■ **Given material**:
▼

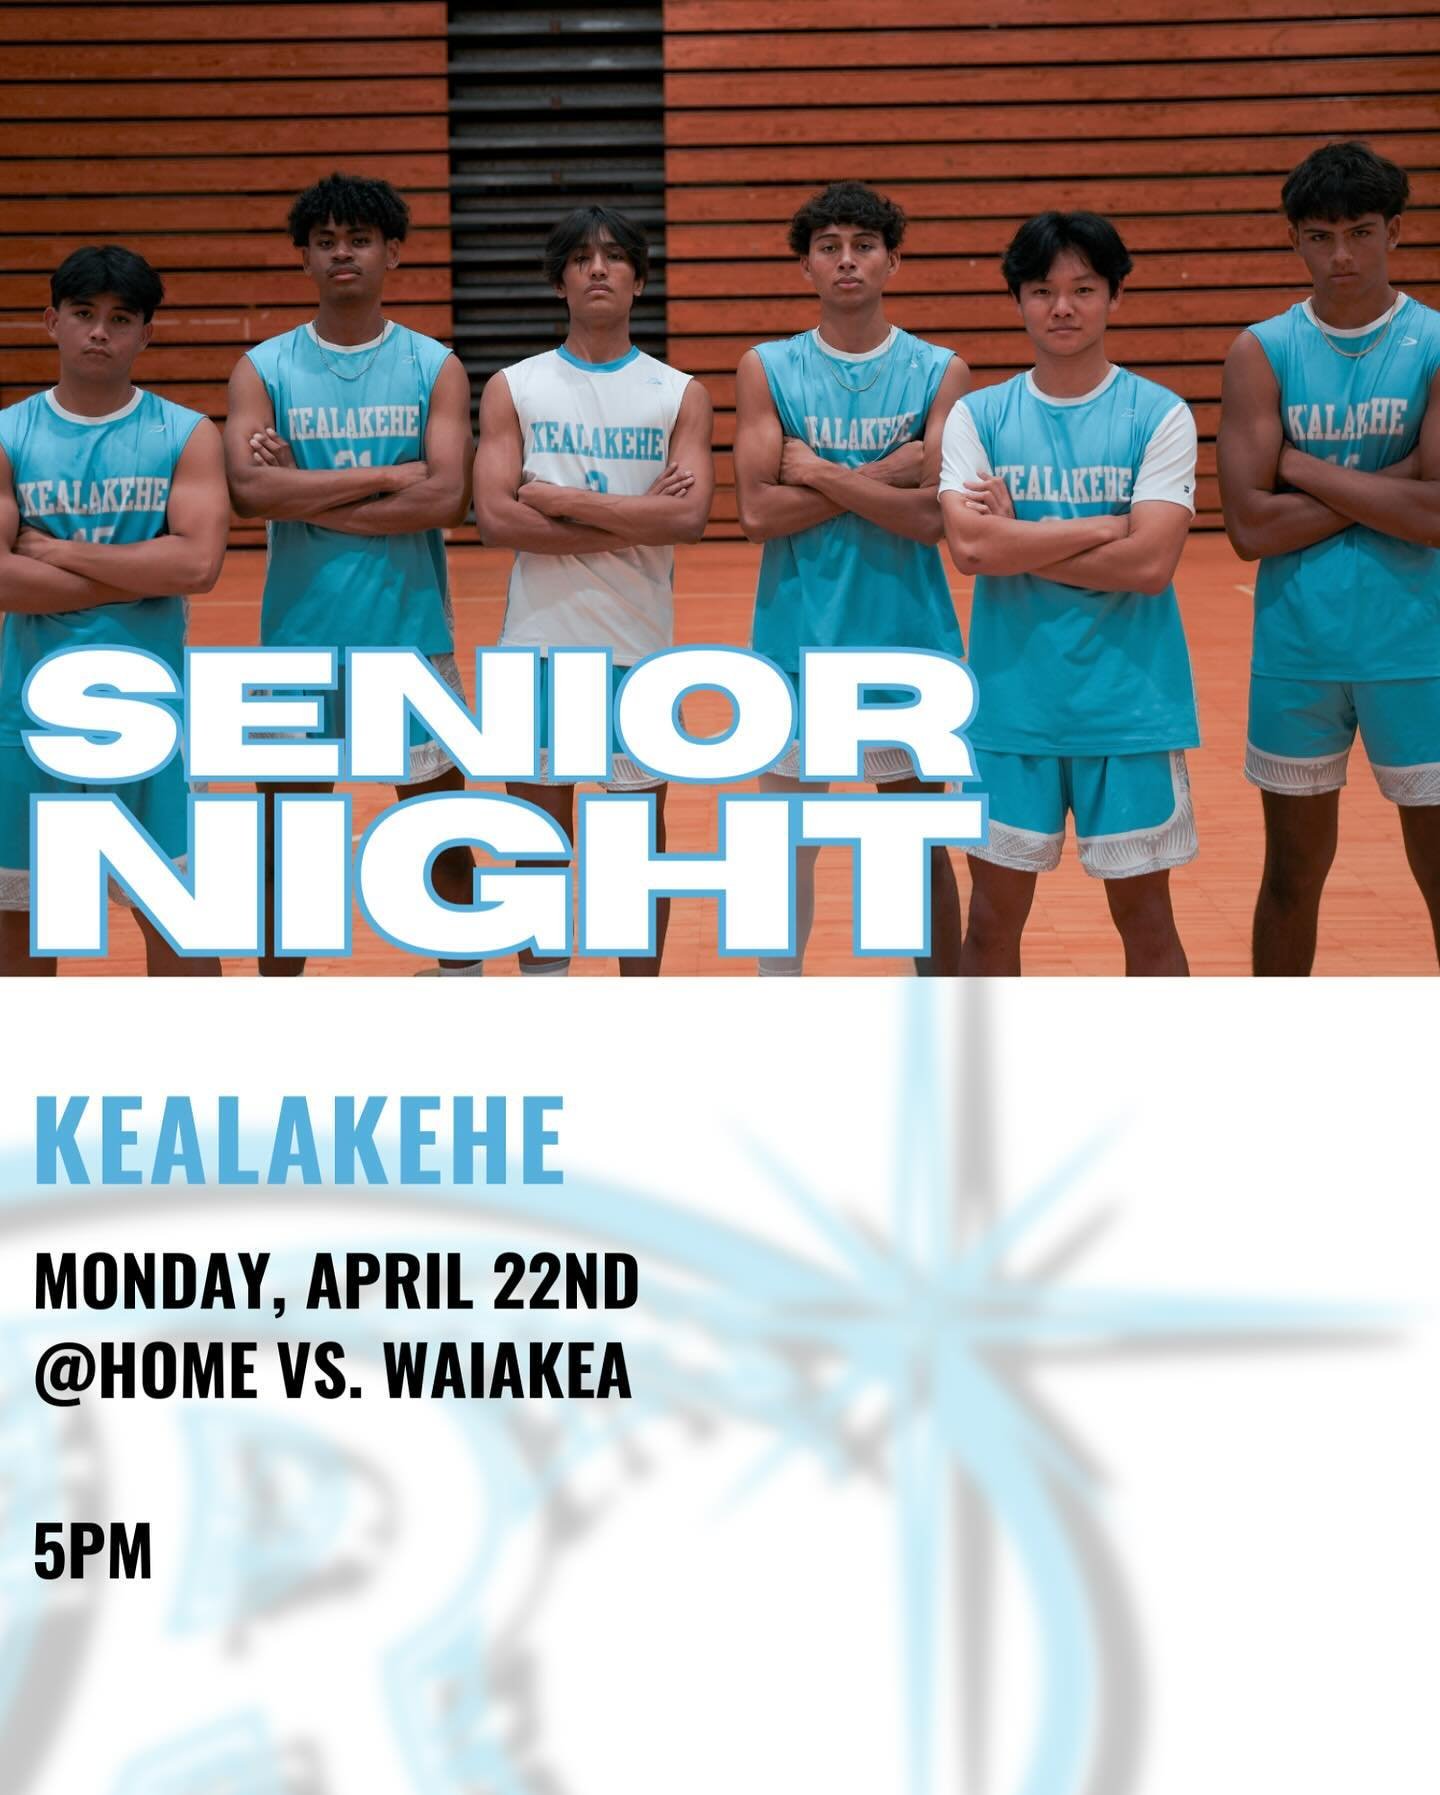 Please come support our Kealakehe seniors on Monday for their last home game! 

Also shout out to Fatu, our other great senior who suffered an injury at the beginning of the season and has not been able to play with the team.
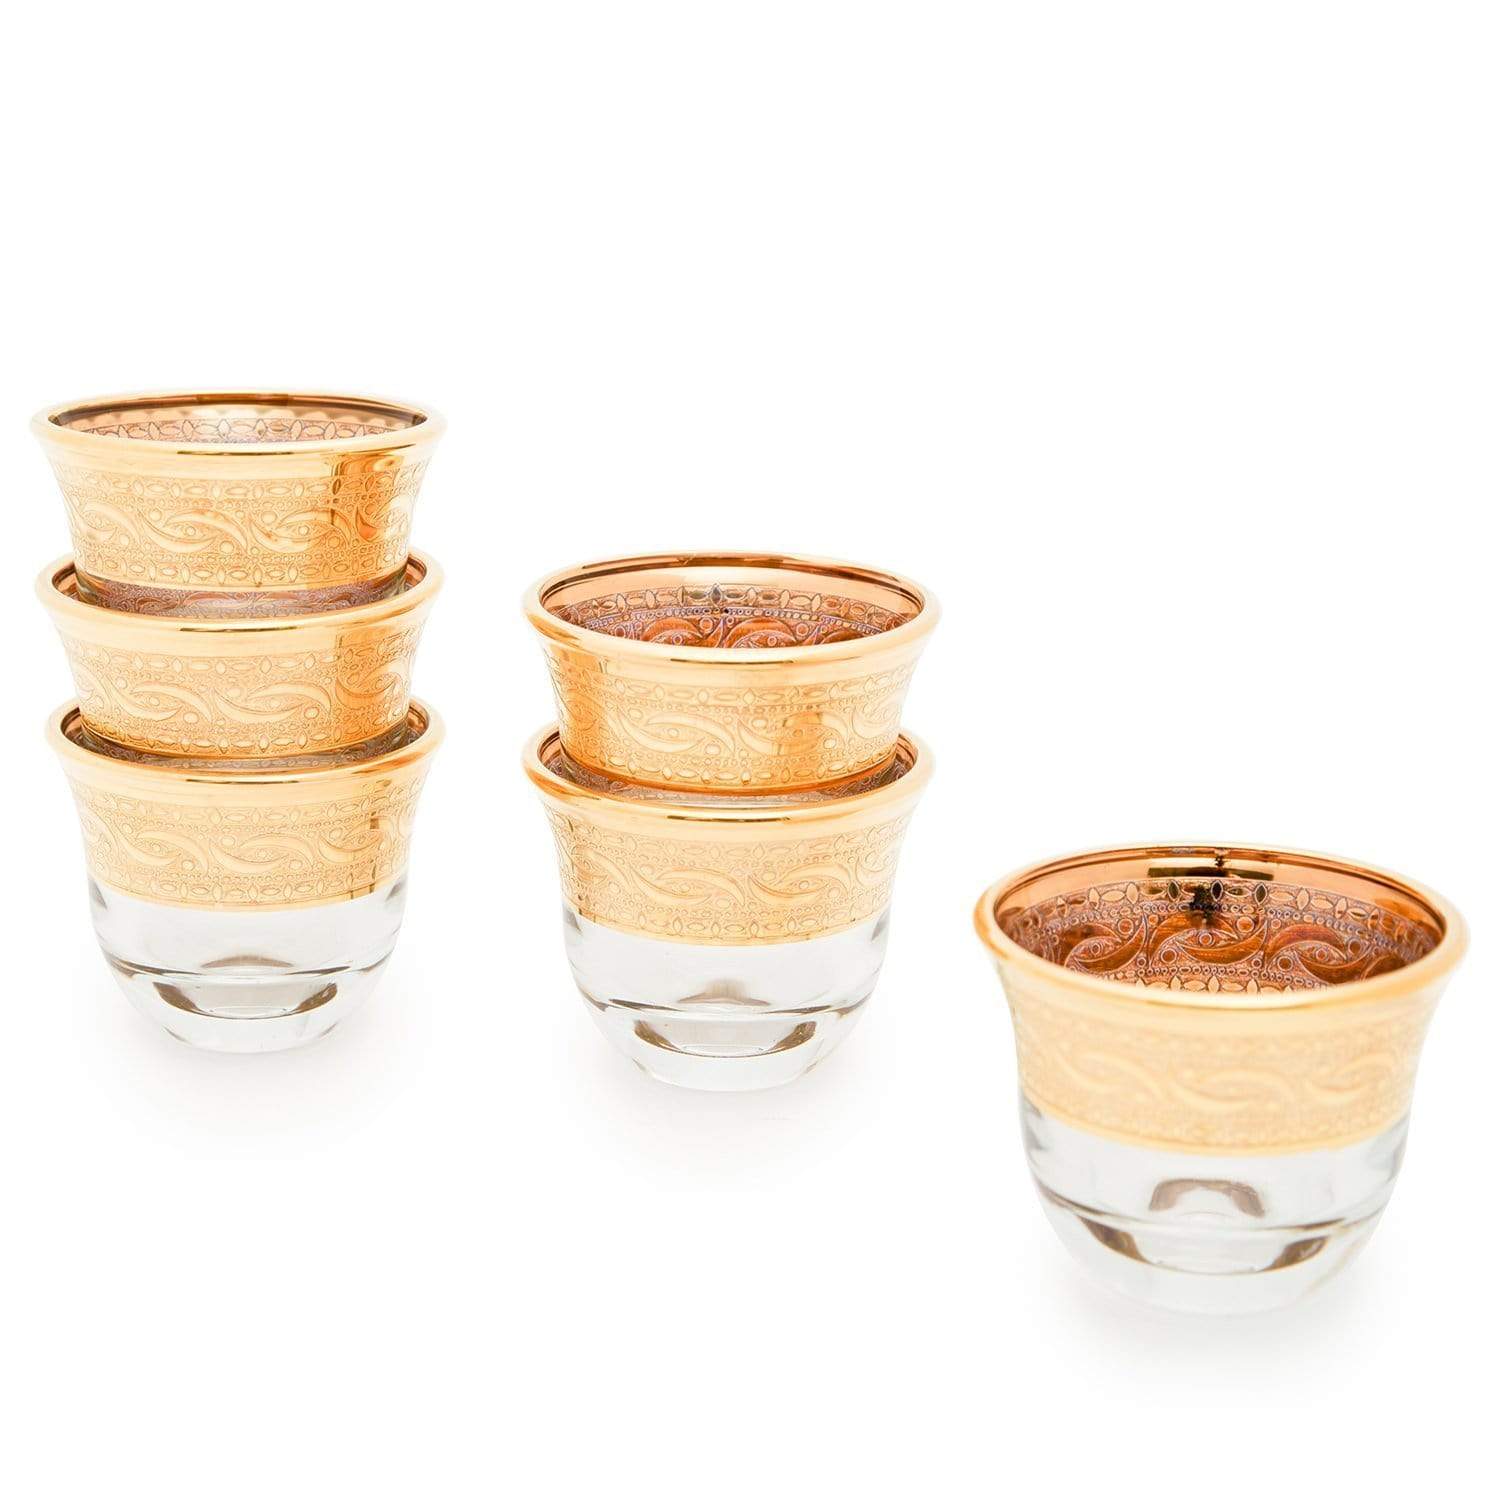 Combi Catriona Mocca Cup Set - Gold, 6 Piece - G569Z/48 - Jashanmal Home

▲

Here the lines from the one containing "Also shout out" through the end of the material are to be copied exactly, with the pictures omitted.

■ **Answer section**:
Also shout out to Fatu, our other great senior who suffered an injury at the beginning of the season and has not been able to play with the team.
 Combi Catriona Mocca Cup Set - Gold, 6 Piece - G569Z/48 - Jashanmal Home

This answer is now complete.